Jeff King Oct. 3, 2023, 8:25 p.m. UTC

I noticed while working on the jk/commit-graph-verify-fix topic that
free_commit_graph() leaks any slices of a commit-graph-chain except for
the first. I naively hoped that fixing that would make t5324 leak-free,
but it turns out there were a number of other leaks, so I fixed those,
too. A couple of them were in the merge code, which in turn means a
bunch of new test scripts are now leak-free.

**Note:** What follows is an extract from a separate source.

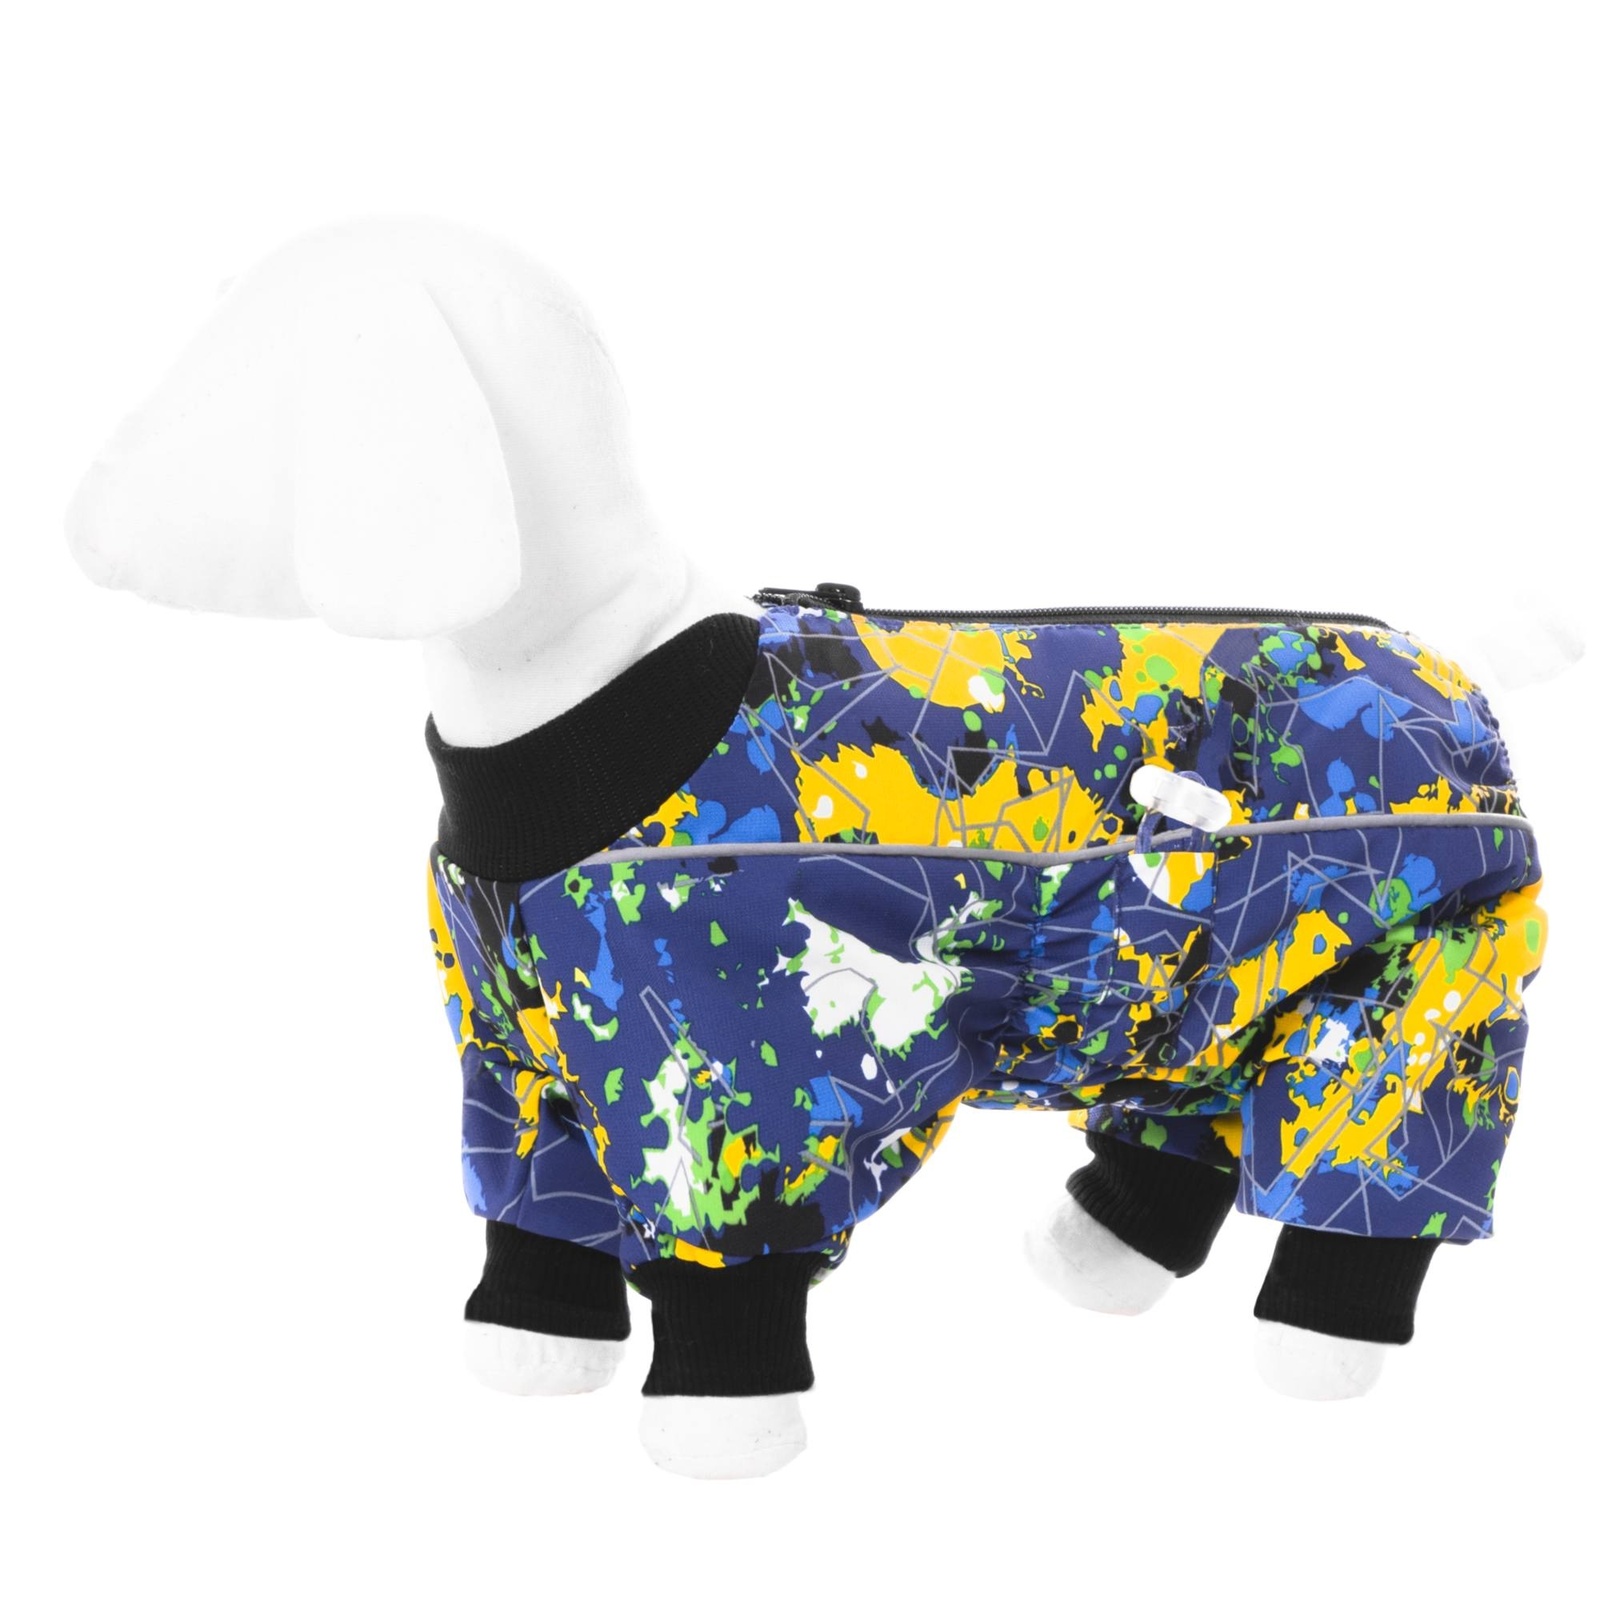 Yami-Yami одежда Yami-Yami одежда комбинезон для собак малых пород, на флисе с рисунком краски (L) yami yami одежда yami yami одежда комбинезон для собак малых пород на флисе с рисунком краски m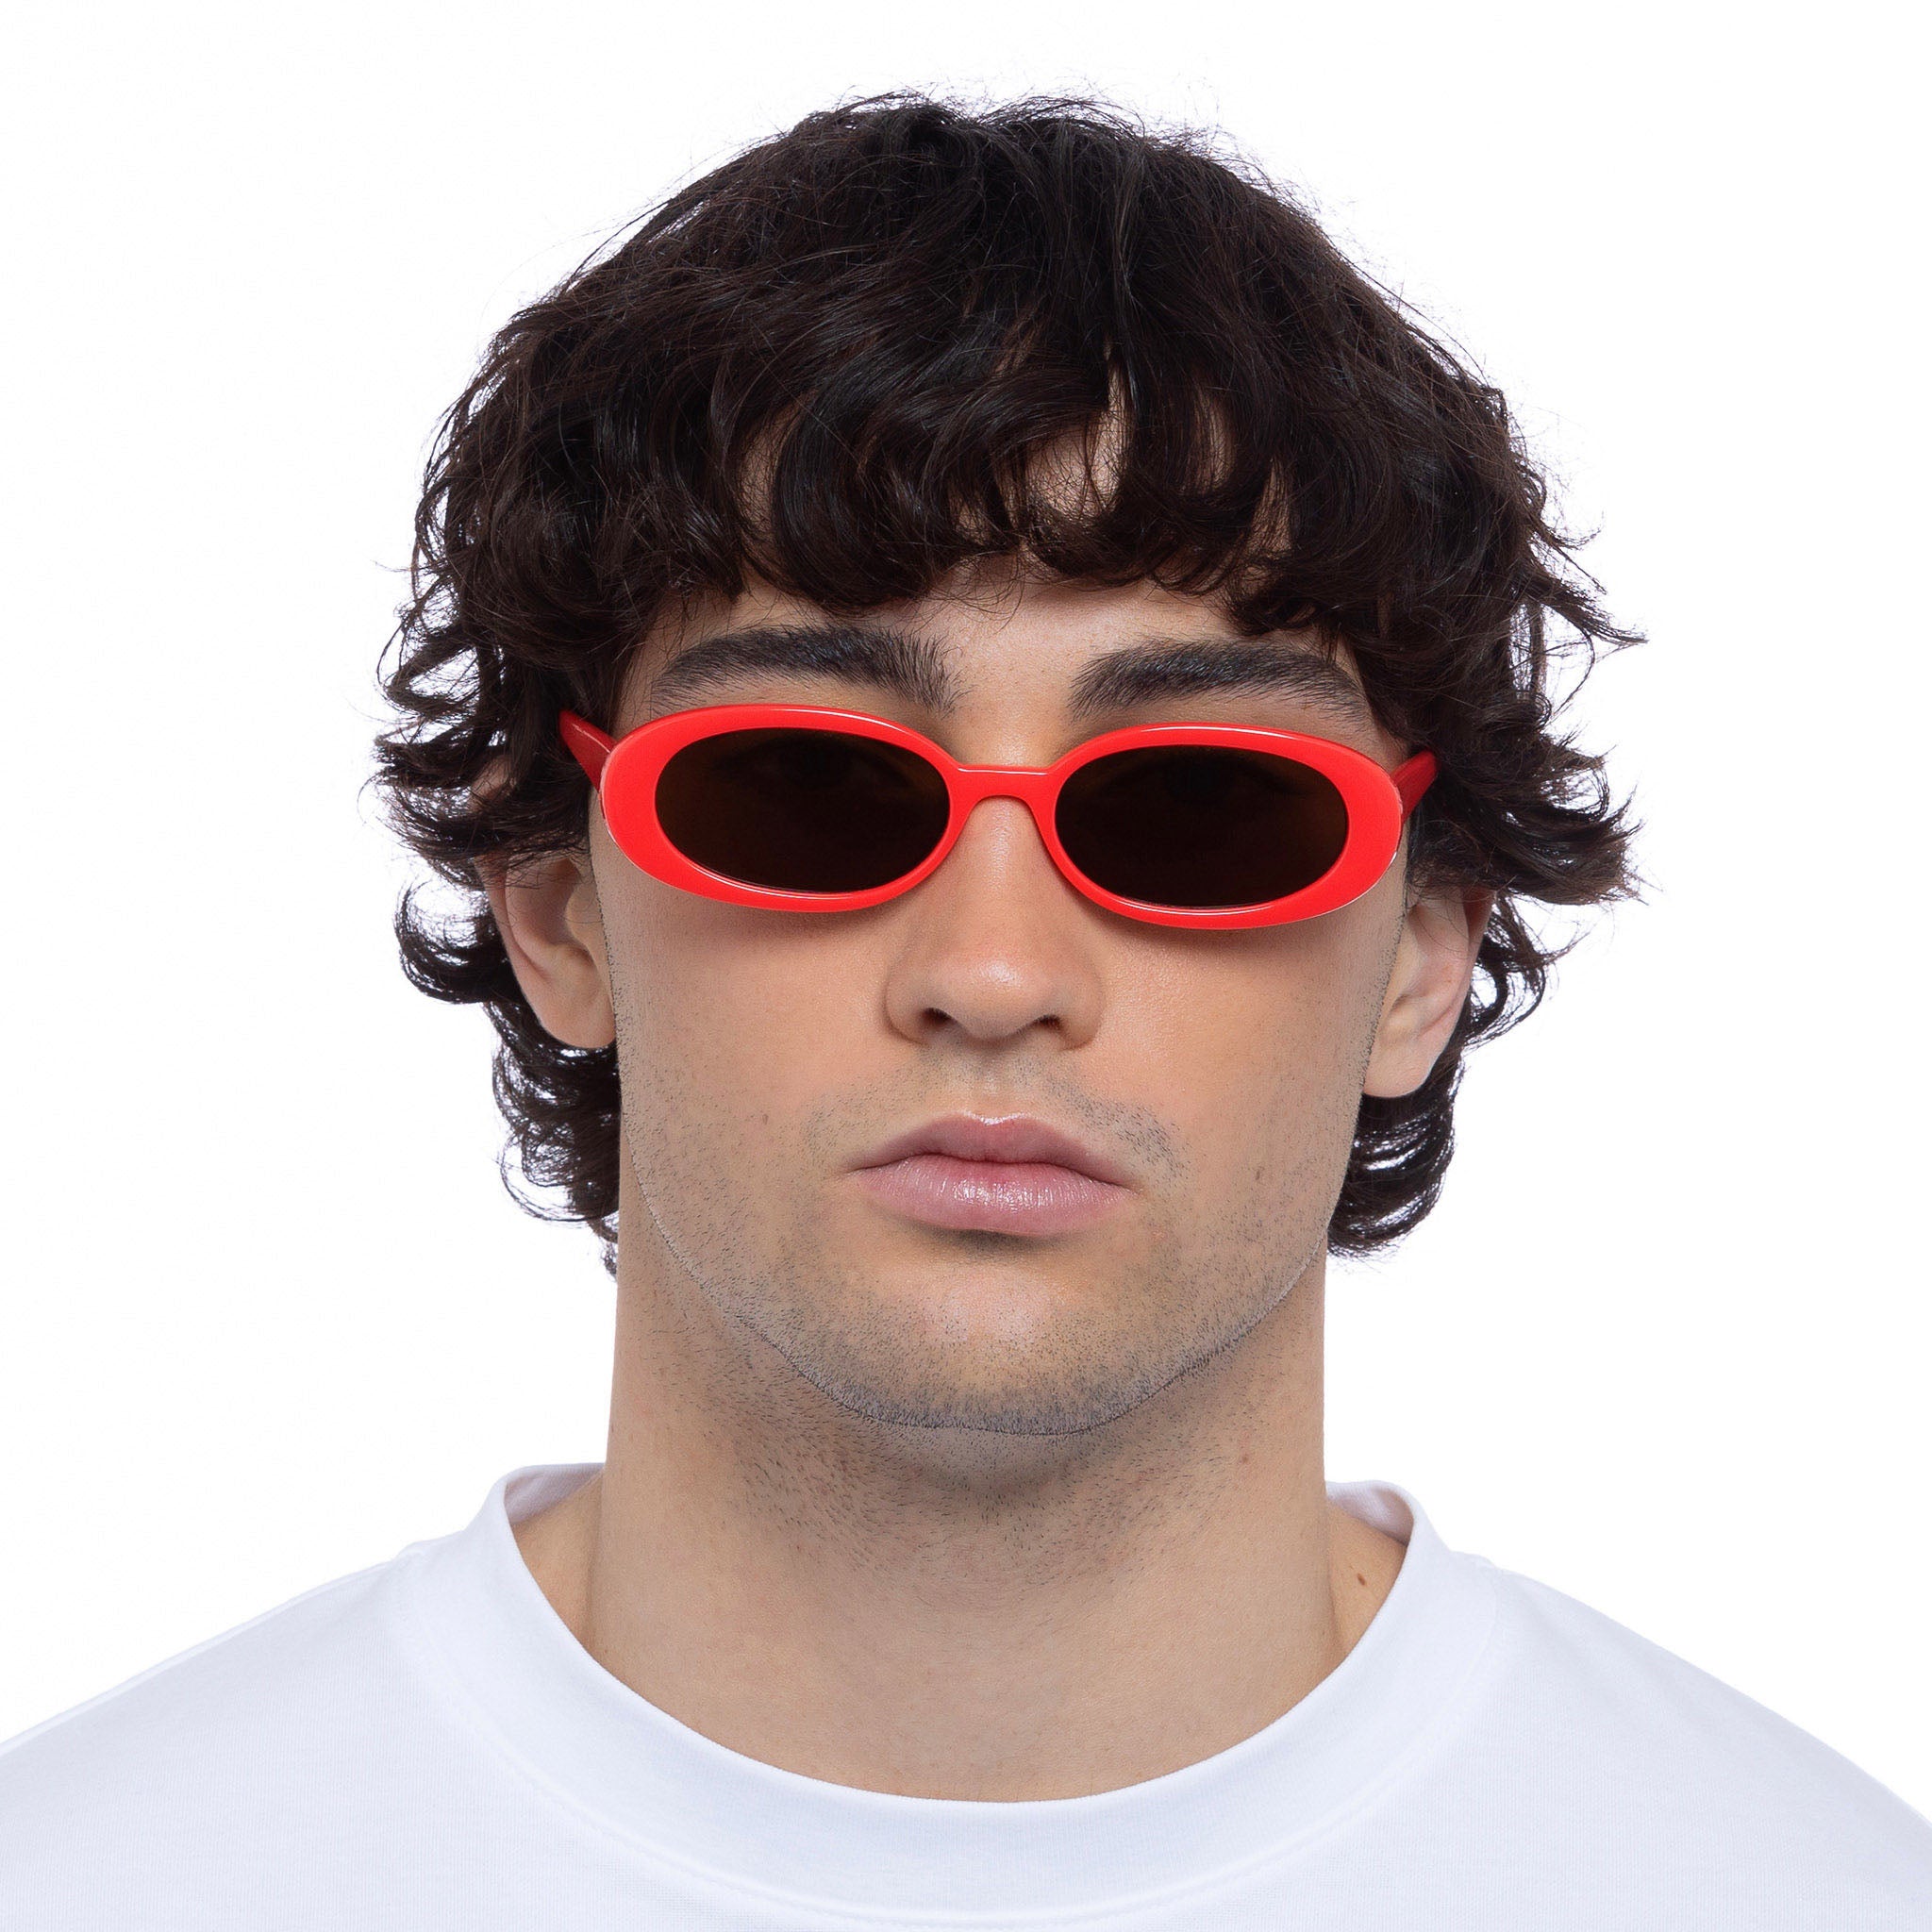 Le Specs Sunglasses - Outta Love Sunglasses - Electric Orange

Even though I saw the problem on that other topic, there's no dependency
here; this series can be applied directly to master (or possibly even
maint, though I didn't try).

  [01/10]: t6700: mark test as leak-free
  [02/10]: commit-reach: free temporary list in get_octopus_merge_bases()
  [03/10]: merge: free result of repo_get_merge_bases()
  [04/10]: commit-graph: move slab-clearing to close_commit_graph()
  [05/10]: commit-graph: free all elements of graph chain
  [06/10]: commit-graph: delay base_graph assignment in add_graph_to_chain()
  [07/10]: commit-graph: free graph struct that was not added to chain
  [08/10]: commit-graph: free write-context entries before overwriting
  [09/10]: commit-graph: free write-context base_graph_name during cleanup
  [10/10]: commit-graph: clear oidset after finishing write

 builtin/commit-graph.c             |  1 +
 builtin/merge.c                    |  5 +++-
 commit-graph.c                     | 40 ++++++++++++++----------------
 commit-reach.c                     |  1 +
 t/t4214-log-graph-octopus.sh       |  1 +
 t/t4215-log-skewed-merges.sh       |  1 +
 t/t5324-split-commit-graph.sh      |  2 ++
 t/t5328-commit-graph-64bit-time.sh |  2 ++
 t/t5521-pull-options.sh            |  1 +
 t/t6009-rev-list-parent.sh         |  1 +
 t/t6416-recursive-corner-cases.sh  |  1 +
 t/t6433-merge-toplevel.sh          |  1 +
 t/t6437-submodule-merge.sh         |  1 +
 t/t6700-tree-depth.sh              |  2 ++
 t/t7602-merge-octopus-many.sh      |  1 +
 t/t7603-merge-reduce-heads.sh      |  1 +
 t/t7607-merge-state.sh             |  1 +
 t/t7608-merge-messages.sh          |  1 +
 18 files changed, 42 insertions(+), 22 deletions(-)

-Peff

Eric W. Biederman Oct. 4, 2023, 1:33 a.m. UTC | #1

Jeff,

Please accept my apologies for slightly hijacking your posting, but I
see you have been fixing some leaks, and so presumably you are familiar
with building git with "SANITIZE=leak".

I have fixed some leaks in my SHA1+SHA256 patchset recently and while
tracking them down I found that simply enabling SANITIZE=leak caused
"make test" on git v2.42 without patches to give different failures
from test run to test run.

Well actually I wound up with the following command line:
GIT_TEST_PASSING_SANITIZE_LEAK=true GIT_TEST_SANITIZE_LEAK_LOG=true SANITIZE=leak DEVELOPER=1 make test

I had removed "-j32" to make things more reproducible.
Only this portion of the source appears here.